In your case, this is a strictness problem causing a stack overflow. One very easy way to find such problems is to use the deepseq library . This adds a few functions that allow you to fully appreciate the value (which is better than seq , which is only one level down). The key function force :: NFData a => a -> a . This takes a value, fully evaluates it, and returns it.
It works only for types that implement a class of type NFData . Fortunately, there is a haskell template macro in deepseq-th library : deriveNFData . This is used with your own data types, e.g. deriveNFData ''BfMachine .

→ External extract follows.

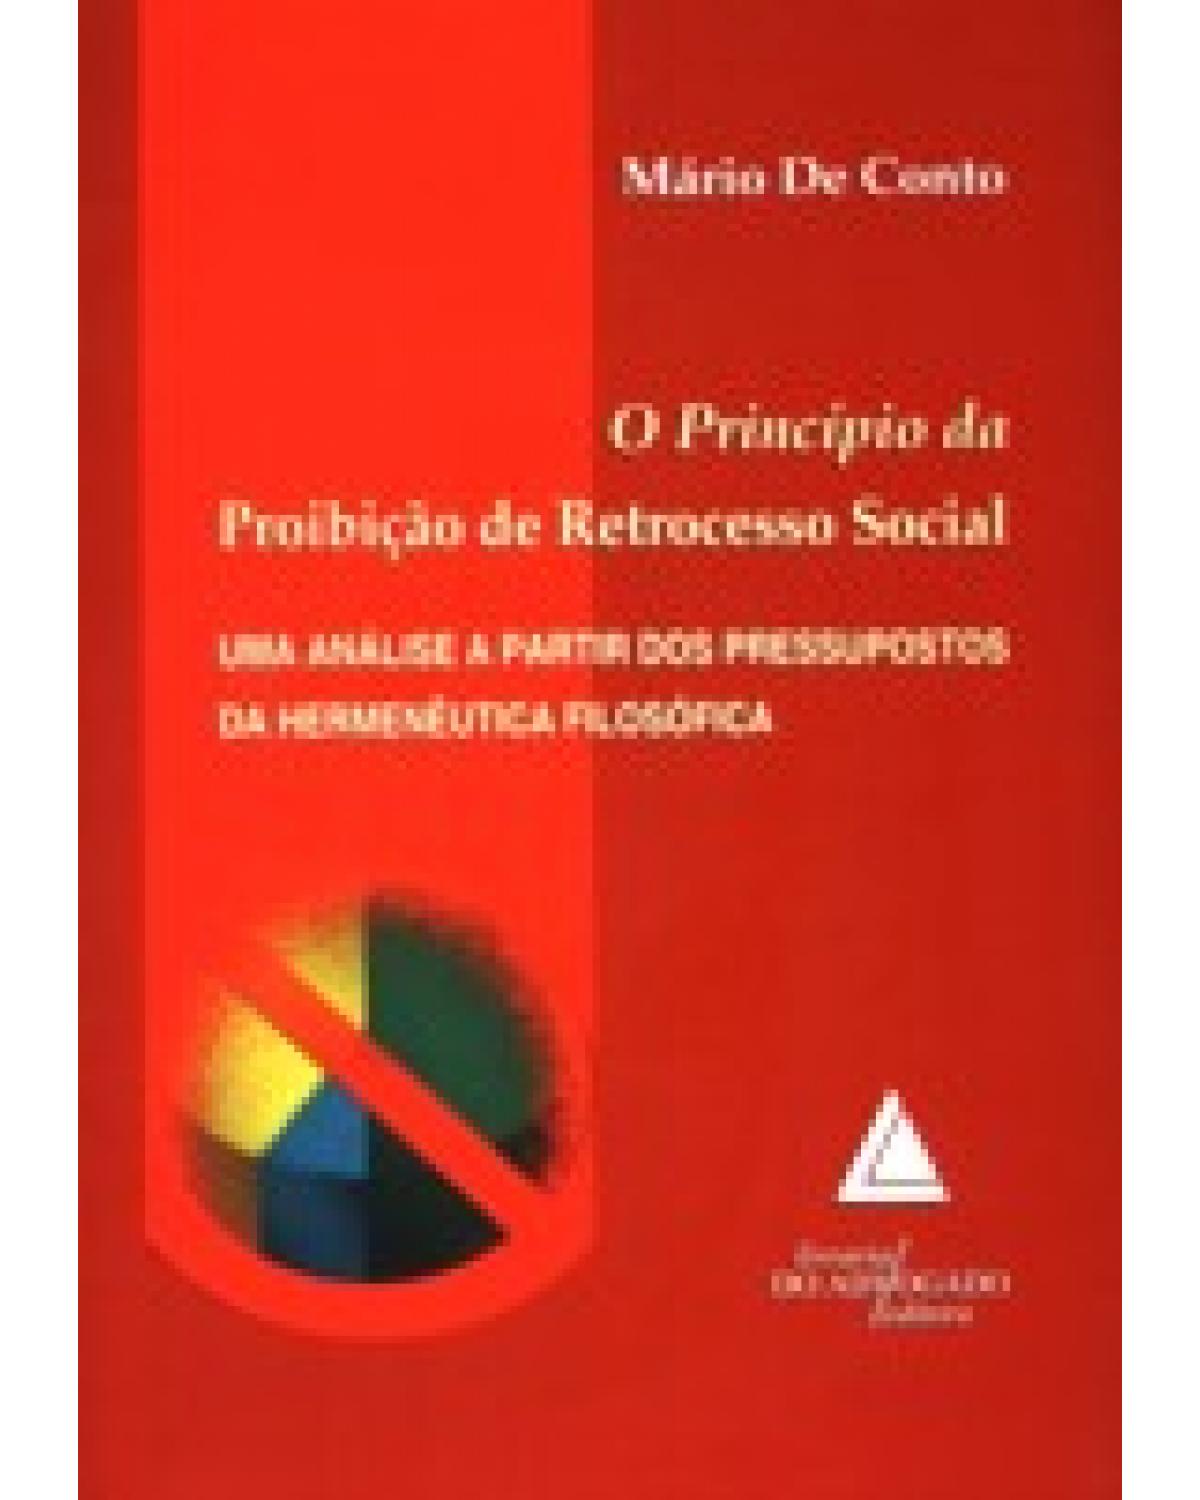 O princípio da proibição de retrocesso social: Uma análise a partir dos pressupostos da hermenêutica filosófica - 1ª Edição | 2008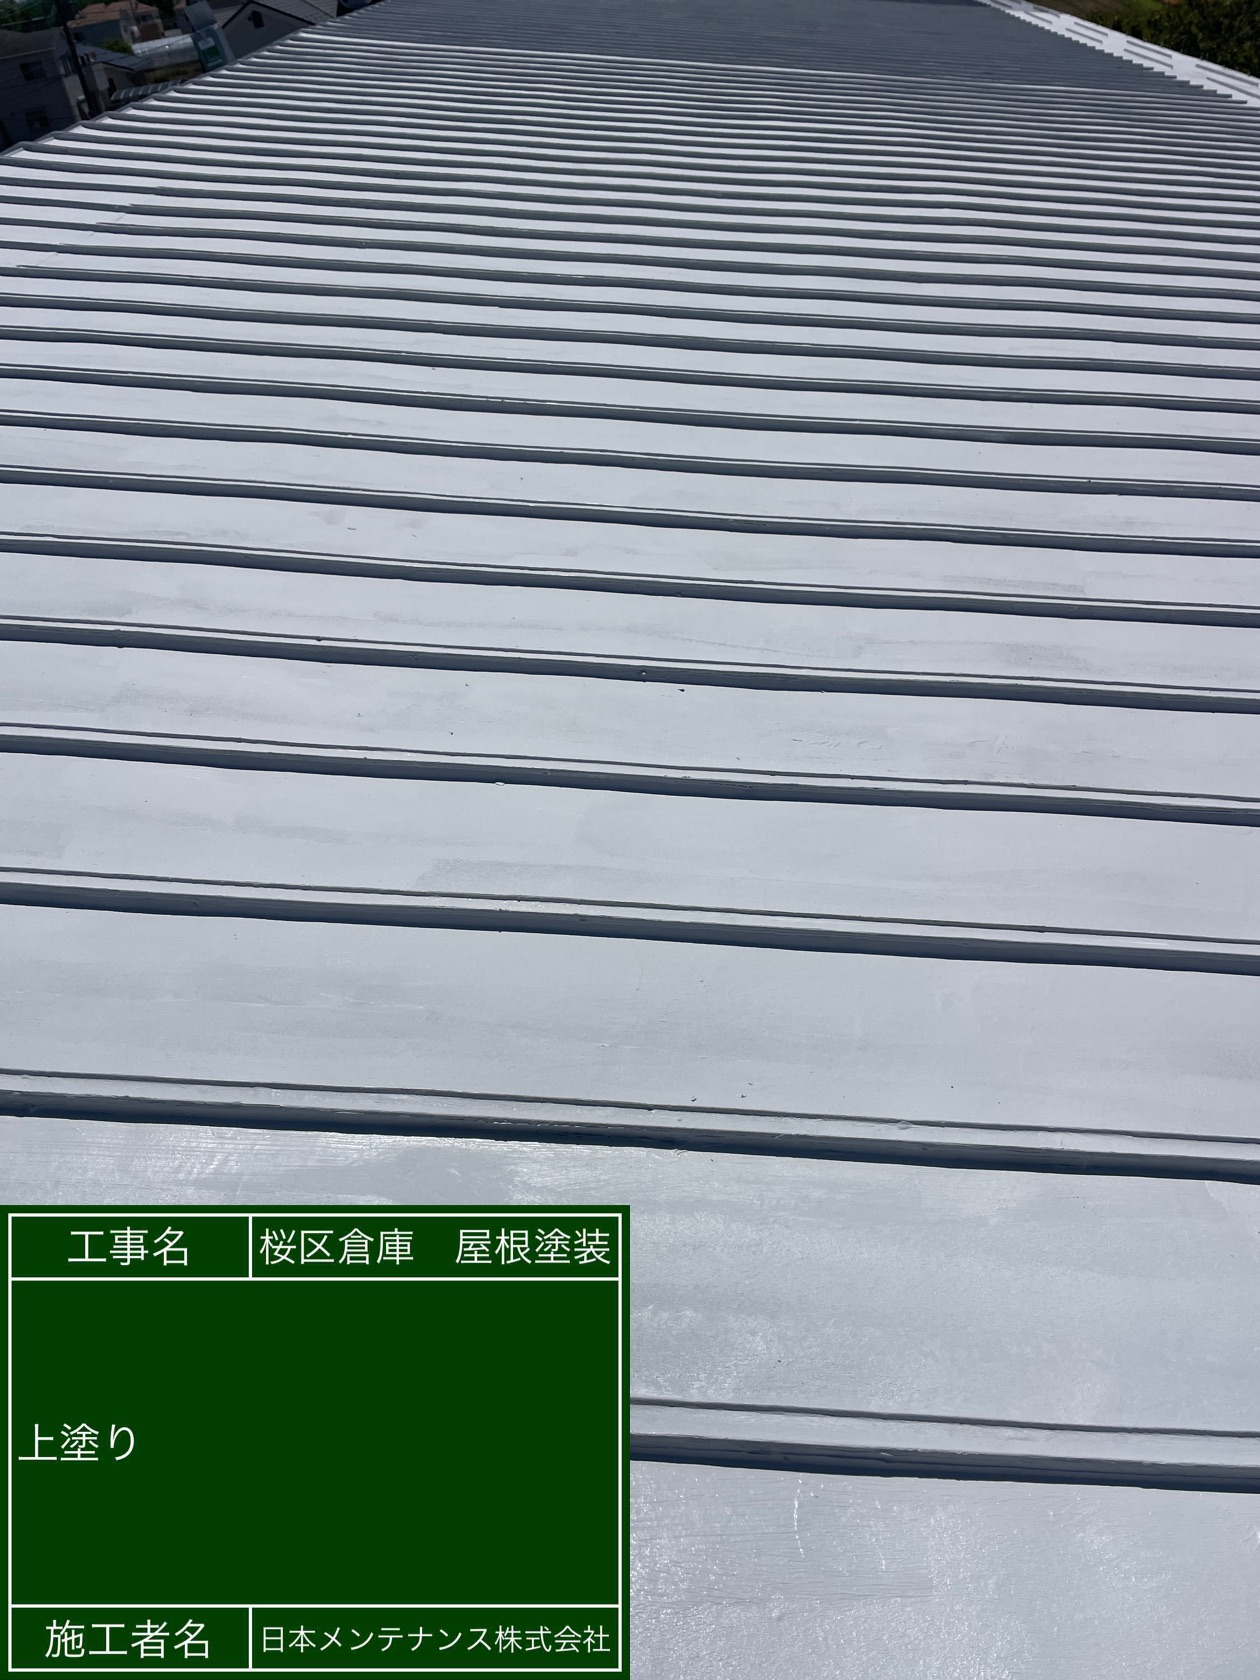 埼玉県さいたま市桜区で瓦棒屋根を雨漏り抑制効果と断熱効果のある塗料で塗装しました。施工後

To use, you put force $ in front of your functions, which may have strictness problems (or liftM force $ for monadic functions). For example, with your code, I put it before step , as it was a key function in the file:
{-# LANGUAGE TemplateHaskell #-} import Data.Char import Debug.Trace import Control.DeepSeq import Control.DeepSeq.TH import Control.Monad (liftM) type Stack = [Int] data BfMachine = BfMachine { program :: String , pc :: Int , stack :: Stack , sp :: Int } deriving Show deriveNFData ''BfMachine setElem :: [Int] -> Int -> Int -> [Int] setElem list n value = map (\(i, v) -> if i == n then value else v) (zip [0..] list) step :: BfMachine -> IO (BfMachine) step m@(BfMachine { program = program, pc = pc, stack = stack, sp = sp }) = liftM force $ case program !! pc of '-' -> return m { pc = pc + 1, stack = setElem stack sp ((stack !! sp) - 1) } '+' -> return m { pc = pc + 1, stack = setElem stack sp ((stack !! sp) + 1) } '<' -> return m { pc = pc + 1, sp = sp - 1 } '>' -> return m { pc = pc + 1, sp = sp + 1 } '[' -> return $ if stack !! sp /= 0 then m { pc = pc + 1 } else m { pc = (findNextBracket program $ pc + 1) + 1 } ']' -> return m { pc = findPrevBracket program $ pc - 1 } '.' -> do putChar $ chr $ stack !! sp return m { pc = pc + 1 } ',' -> do c <- getChar let s' = setElem stack sp $ ord c in return m { stack = s', pc = pc + 1 } a -> return m { pc = pc + 1 } findNextBracket :: String -> Int -> Int findNextBracket program pos = case program !! pos of '[' -> findNextBracket program $ (findNextBracket program $ pos + 1) + 1 ']' -> pos x -> findNextBracket program (pos + 1) findPrevBracket :: String -> Int -> Int findPrevBracket program pos = case program !! pos of ']' -> findPrevBracket program $ (findPrevBracket program $ pos - 1) - 1 '[' -> pos x -> findPrevBracket program (pos - 1) isFinished :: BfMachine -> Bool isFinished m@(BfMachine { program = p, pc = pc }) | pc == length p = True | otherwise = False run :: BfMachine -> IO () run m = do if isFinished m then return () else do m <- step m run m fib = ">++++++++++>+>+[ [+++++[>++++++++<-]>.<++++++[>--------<-]+<<<]>.>>[ [-]<[>+<-]>>[<<+>+>-]<[>+<-[>+<-[>+<-[>+<-[>+<-[>+<- [>+<-[>+<-[>+<-[>[-]>+>+<<<-[>+<-]]]]]]]]]]]+>>> ]<<< ] This program doesn't terminate; you will have to kill it. Daniel B Cristofani (cristofdathevanetdotcom) http://www.hevanet.com/cristofd/brainfuck/" main = run BfMachine { program = fib , pc = 0, stack = replicate 1024 0, sp = 0 }
This actually solves the problem - even after a few minutes it did not crash, and the memory usage is only 3.2 MB.
You can stick to this solution or try to find where the problem is real rigor (as it makes everything rigorous). You do this by removing the force from the step function and trying it on the helper functions that it uses (e.g. setElem , findPrevBacket , etc.). It turns out that setElem is the culprit, putting force in front of this function also solves the strictness problem. I suppose this is because if on a lambda map means that most of the values ββnever need to be evaluated on the list and possibly create huge tricks as the program continues.